Le voyageur enthousiaste commença en ces termes :

Le camp d’Isabelle et de Ferdinand d’Aragon s’étendait à perte de vue sous les murs de Grenade. Attendant vainement du renfort, cerné de jour en jour plus étroitement, le lâche Boabdil se désespérait, et raillé amèrement par le peuple, qui ne le désignait que sous le nom de roitelet, il ne trouvait de consolation momentanée que dans les victimes qu’il immolait à sa cruauté sanguinaire. Mais plus l’abattement et le désespoir s’emparaient du peuple et de l’armée de Grenade, plus l’espoir de la victoire et la soif du combat devenaient vifs dans le camp espagnol. Il ne fallait pas livrer d’assaut. Ferdinand se contentait de diriger ses pièces contre les remparts de la ville et de repousser les sorties des assiégés. Ces petits combats ressemblaient plutôt à de gais tournois qu’à des batailles sérieuses. La mort même contribuait à relever les âmes des survivants, vu qu’elle apparaissait avec la pompe des cérémonies religieuses et l’auréole rayonnante du martyre de la foi.

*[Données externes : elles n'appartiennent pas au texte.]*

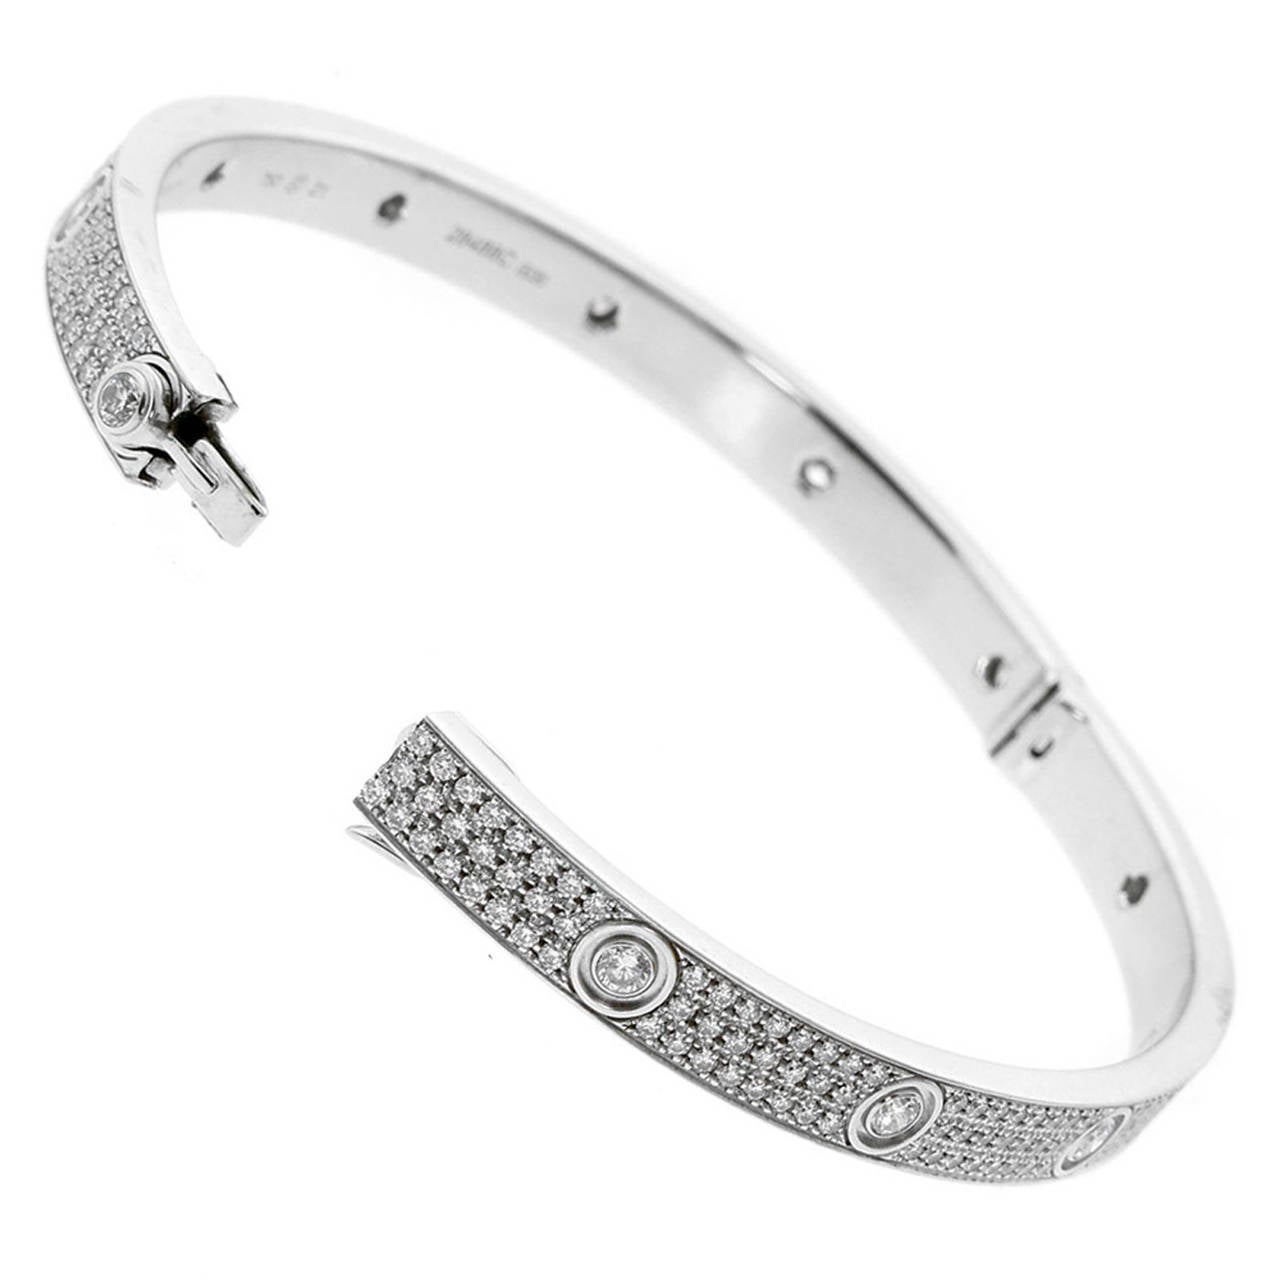  Cartier  Diamond  Gold Love Bangle bracelet  For Sale at 1stdibs

Aussitôt qu’Isabelle fut entrée dans le camp, elle y fit construire au milieu un édifice en bois flanqué de tours, du haut desquelles la bannière de la croix voltigeait dans les airs. L’intérieur en fut disposé en cloitre et en église, et des religieuses bénédictines y furent installées pour célébrer journellement l’office divin. La reine, entourée de sa suite et de ses chevaliers, vint chaque matin entendre dire la messe à son confesseur ; les répons étaient chantés par les religieuses rassemblées au chœur.

Un matin, Isabelle distingua une voix qui dominait merveilleusement les autres. Son chant ressemblait aux accents mélodieux du rossignol, ce roi des foréts, qui commande à tout le peuple des oiseaux. Et pourtant la prononciation des paroles était si étrangère, la manière de chanter était même si originale et si singulière, qu’elle annonçait une chanteuse encore peu faite au style de l’église. Isabelle étonnée jeta les yeux autour d’elle, et s’aperçut que sa suite partageait son étonnement ; mais elle comprit bientôt qu’il s’agissait ici d’une aventure particulière, quand elle arrêta son regard sur le noble général Aguillar, qui se trouvait parmi les courtisans. À genoux sur son prie-Dieu, il tenait fixés sur le chœur ses yeux sombres et remplis d’une ardeur brûlante. La messe finie, Isabelle se rendit à la chambre de la prieure dona Maria pour prendre des renseignements sur la chanteuse étrangère.

— Veuillez, ô reine ! dit dona Maria, vous souvenir qu’il y a un mois, Aguillar conçut le projet de surprendre et d’emporter cet ouvrage extérieur, qui est orné d’une magnifique terrasse et sert de promenade aux Maures. Chaque nuit les chants voluptueux des païens retentissaient jusque dans notre camp, comme des voix séduisantes de sirènes, et c’était à cause de cela que le vaillant Aguillar voulait détruire ce repaire du crime.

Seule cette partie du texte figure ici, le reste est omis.